▸ **Task details**: Reproduce from the records below, with no pictures, exactly the lines between the one containing "The Five S's of Effective Evangelization" and the one containing "David Hasselhoff en", inclusive.

▸ **Data to use**:
++++++

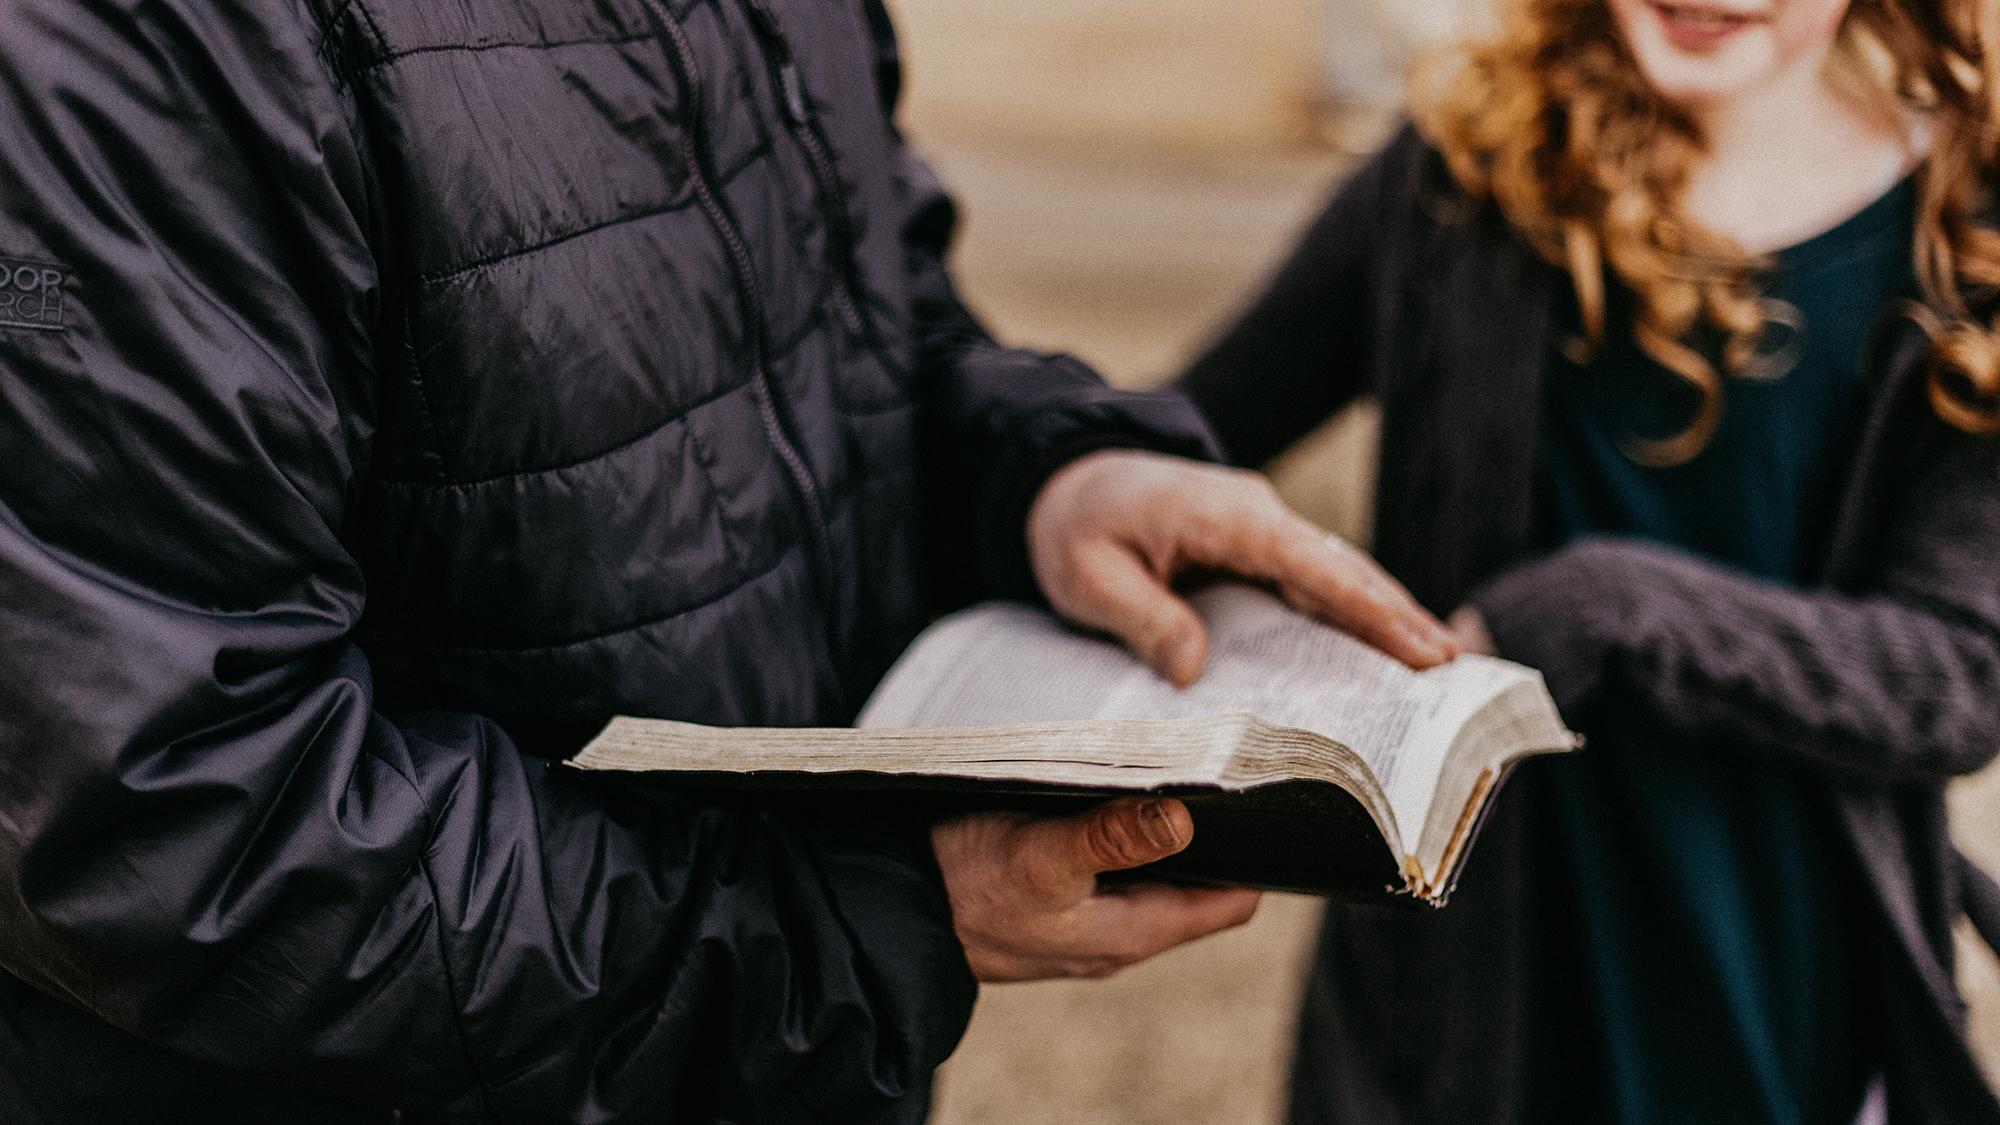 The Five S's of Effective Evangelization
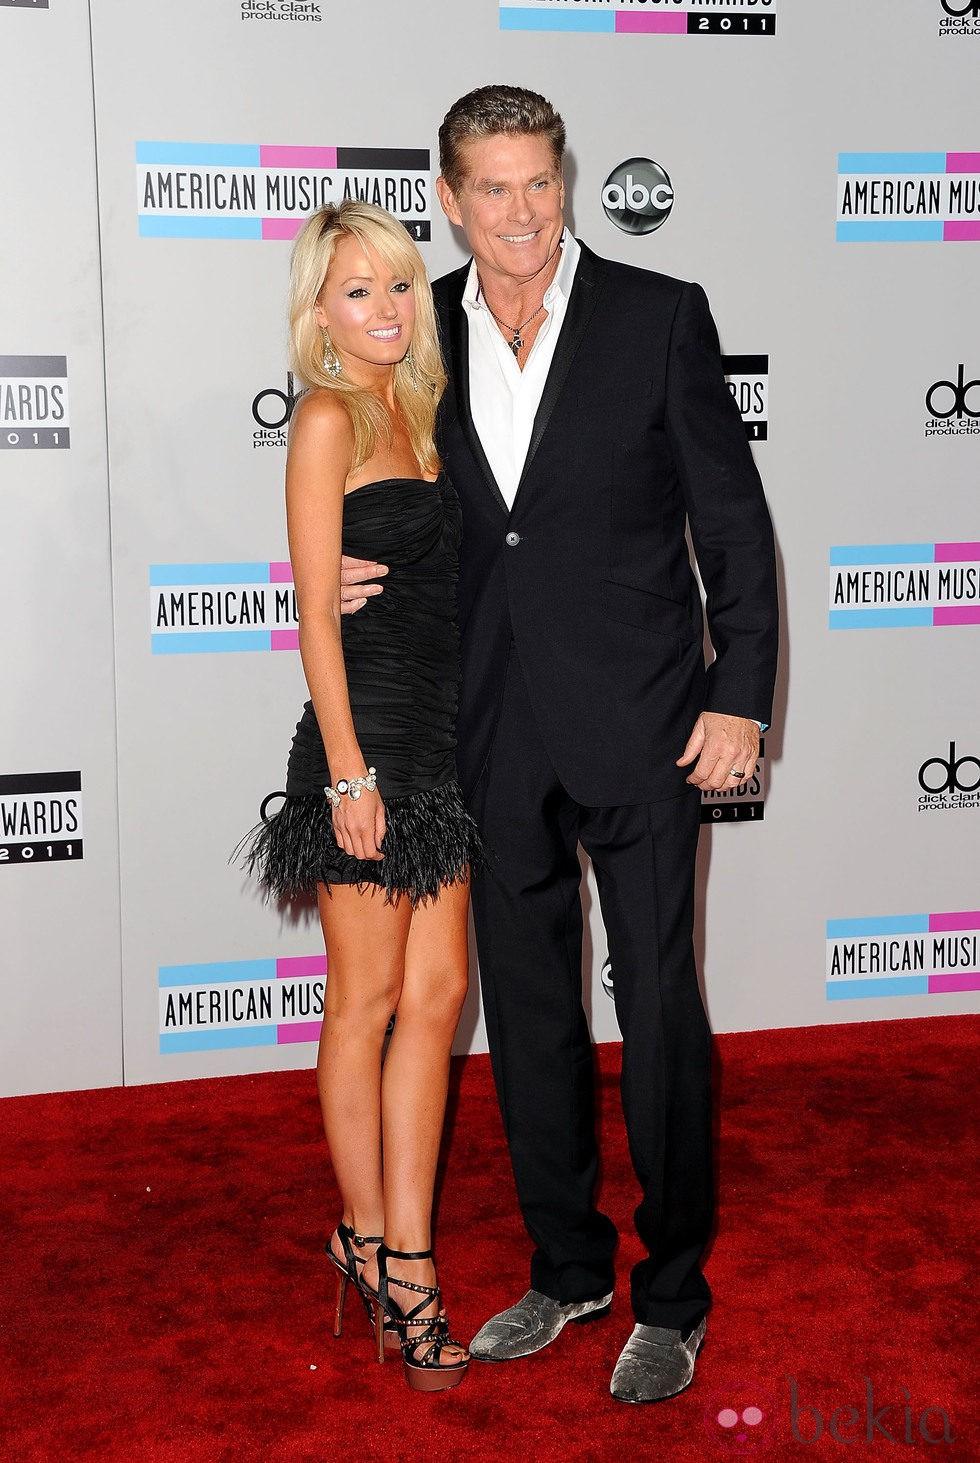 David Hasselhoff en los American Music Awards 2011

++++++

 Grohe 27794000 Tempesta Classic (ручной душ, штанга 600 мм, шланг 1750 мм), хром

++++++

▸ **Answer space**:
 The Five S's of Effective Evangelization
 David Hasselhoff en los American Music Awards 2011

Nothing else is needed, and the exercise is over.